Understanding Onerous Ground Rent and Lender Criteria
Mortgage lenders have adopted a variety of tests to assess whether ground rent terms are acceptable. The most widely used test is that ground rent must not exceed 0.1% of the property value (sometimes expressed as the ground rent must not be more than one-tenth of one percent of the property's market value). For a property worth £300,000, this equates to a maximum acceptable ground rent of £300 per year. Ground rents above this threshold may cause a lender to decline or impose conditions.
The UK Finance (formerly Council of Mortgage Lenders) and many individual lenders have also introduced rules around ground rent escalation clauses. Doubling ground rent clauses (where the ground rent doubles at specified intervals) are particularly problematic because the future obligations are unpredictable and can grow to very large sums. A ground rent of £250 per year that doubles every 10 years would reach £8,000 per year after 50 years and £128,000 per year after 90 years, which clearly renders the property unmortgageable at that point and severely restricts the pool of buyers and lenders throughout the lease term.
Review of inflation-linked escalation (for example, ground rent linked to the Retail Price Index) is more complex. Many lenders will accept RPI-linked ground rents provided the current ground rent is below their threshold and the starting figure is not onerous. Fixed increases to specified higher amounts are assessed on the future ground rent level as well as the current one, which means a ground rent of £100 per year increasing to £500 per year in 2030 may already be deemed onerous even if the current payment appears modest.
The Leasehold Reform (Ground Rent) Act 2022
The Leasehold Reform (Ground Rent) Act 2022 came into force on 30 June 2022. It makes it unlawful for landlords to charge a ground rent above a peppercorn (i.e. anything above zero) on new regulated leases of dwellinghouses and flats. The Act applies to all new regulated leases granted after commencement and also to statutory lease extensions obtained through the Leasehold Reform Act 1993. This means that if you exercise your right to extend your lease under the 1993 Act, the extended lease must be granted at a peppercorn ground rent, even if your existing lease has an escalating rent.
Exercising your right to a statutory lease extension is therefore a powerful remedy for leaseholders with onerous ground rent terms. Not only does a statutory extension add 90 years to the existing lease term (making it much longer and therefore more valuable and mortgageable), it also resets the ground rent to a peppercorn for the extended term. The combination of a longer lease and zero ground rent addresses both of the most common mortgage obstacles facing leaseholders with problematic leases.

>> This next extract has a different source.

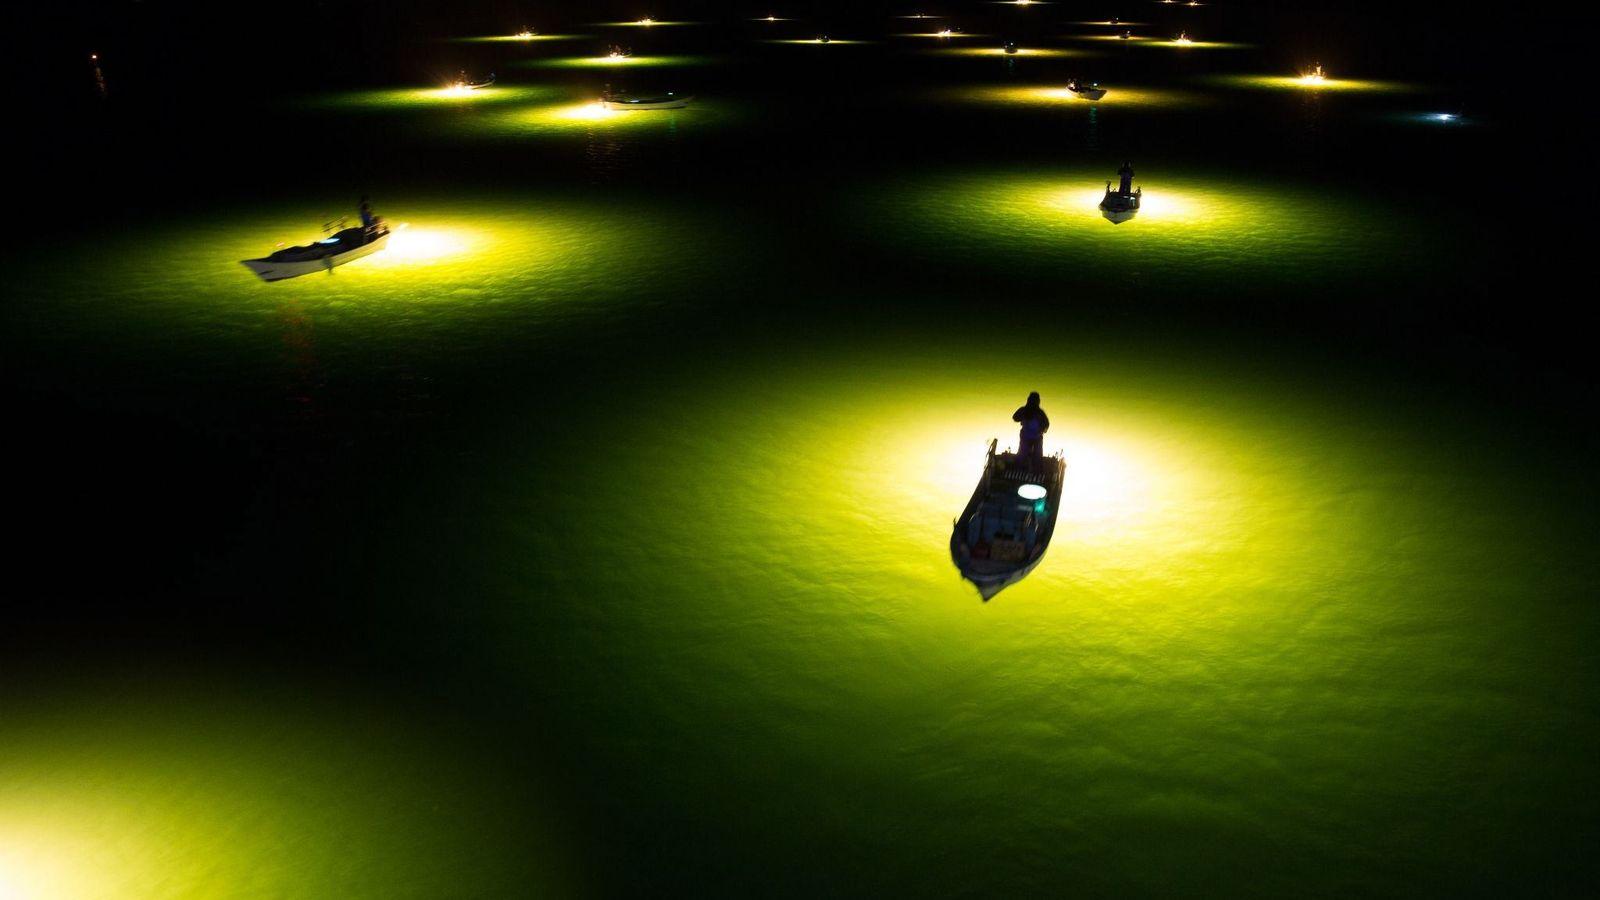 Guiadas por la luz

The cost of a statutory lease extension depends on the unexpired lease term, the current ground rent, and the property's value. The premium is calculated using a statutory formula. Before the 2022 Act, the freeholder was entitled to the "marriage value" element when the unexpired term fell below 80 years, which could make extensions expensive. Under the Leasehold and Freehold Reform Act 2024 (which was passed but whose full implementation is ongoing), marriage value is to be removed from the calculation, which should make extensions more affordable for many leaseholders.